### Dataset records
=======
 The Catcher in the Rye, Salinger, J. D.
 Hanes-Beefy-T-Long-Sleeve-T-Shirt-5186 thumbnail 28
=======
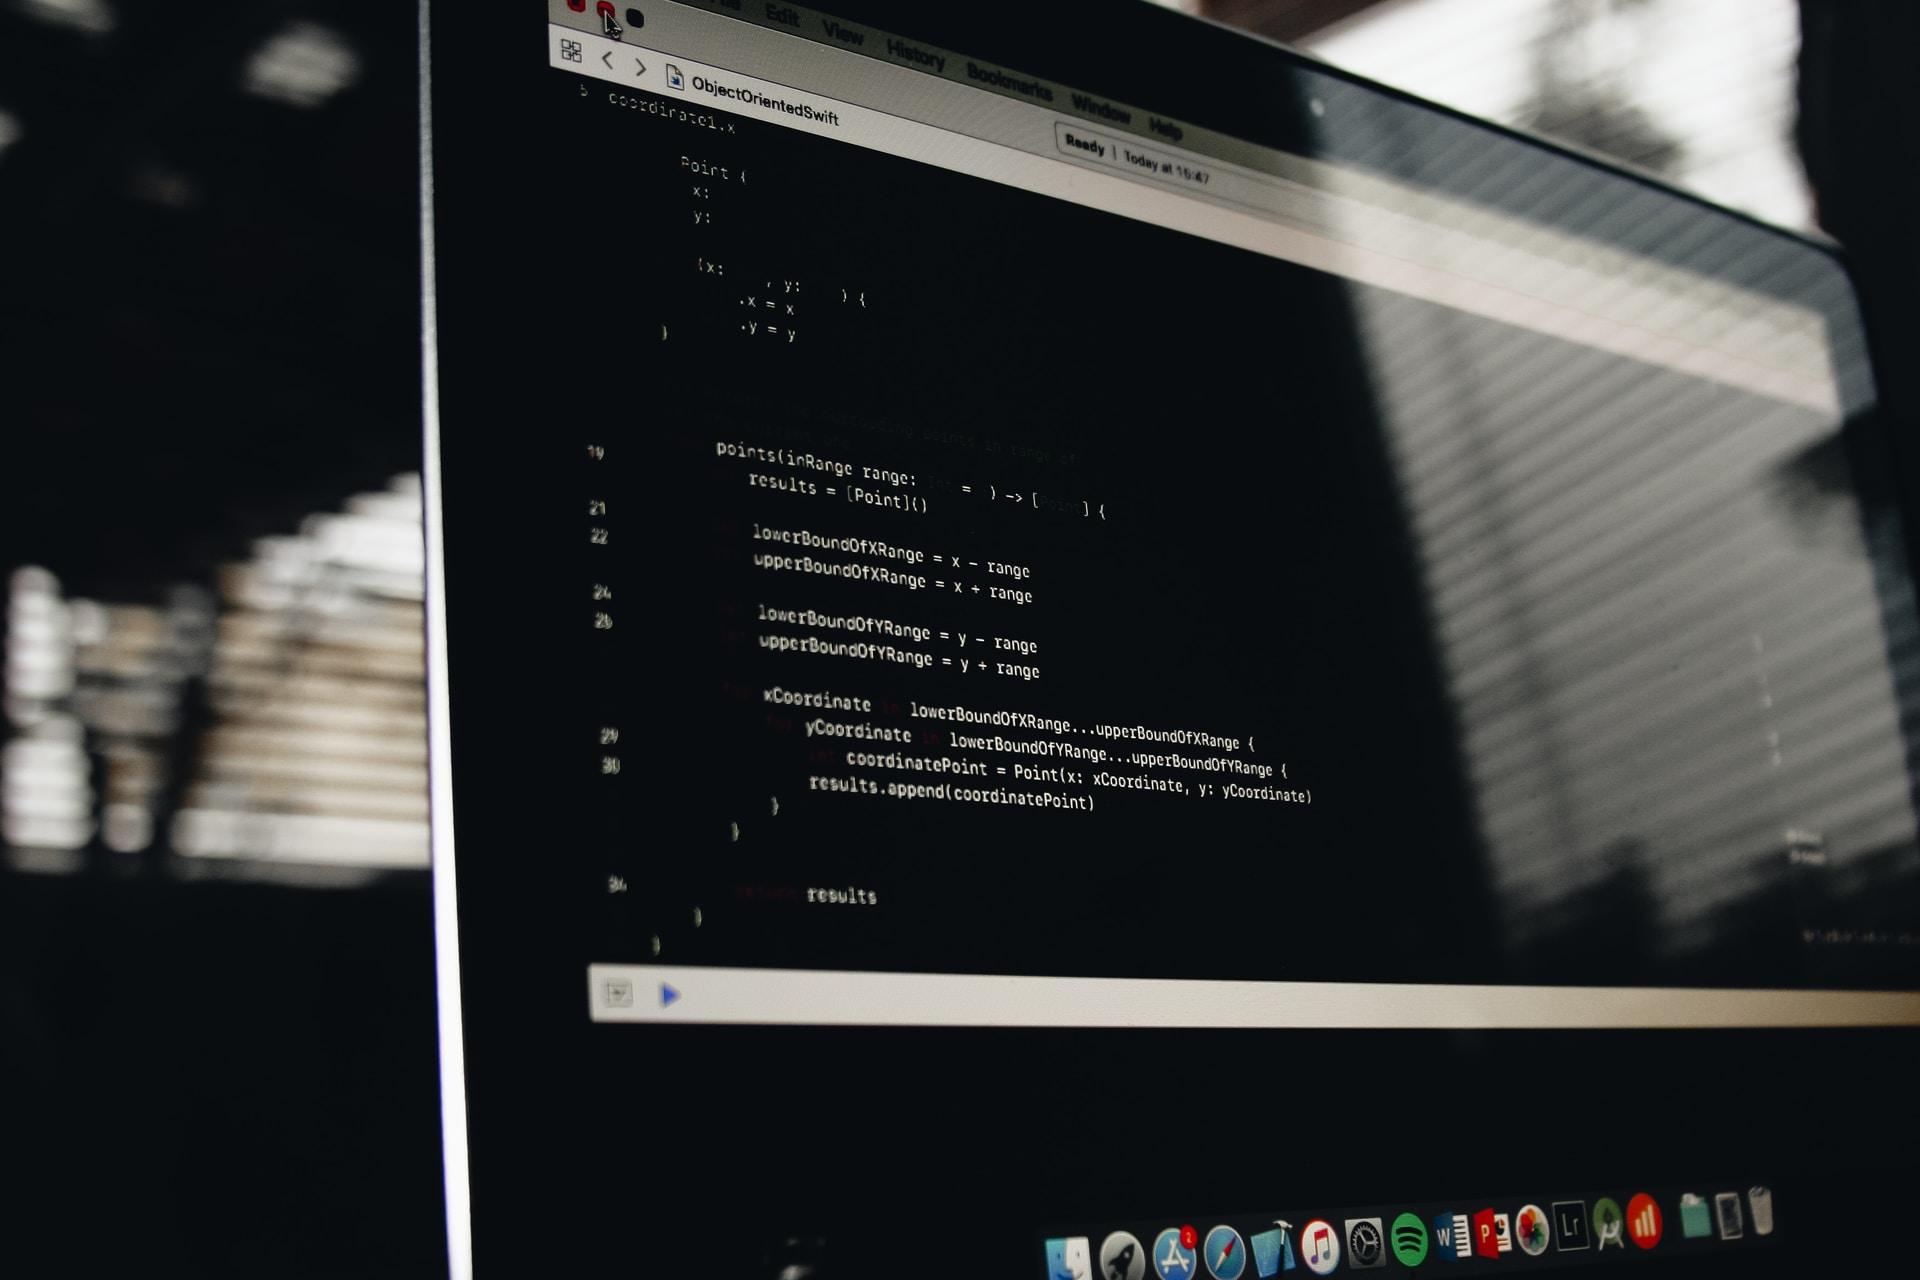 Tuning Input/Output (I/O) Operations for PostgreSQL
=======
### What is expected
Return only the part of the records above that opens with the line containing "The Catcher in the Rye, Salinger, J. D." and closes with the line containing "Hanes-Beefy-T-Long-Sleeve-T-Shirt-5186 thumbnail 28", ends included.

### Completed task
 The Catcher in the Rye, Salinger, J. D.
 Hanes-Beefy-T-Long-Sleeve-T-Shirt-5186 thumbnail 28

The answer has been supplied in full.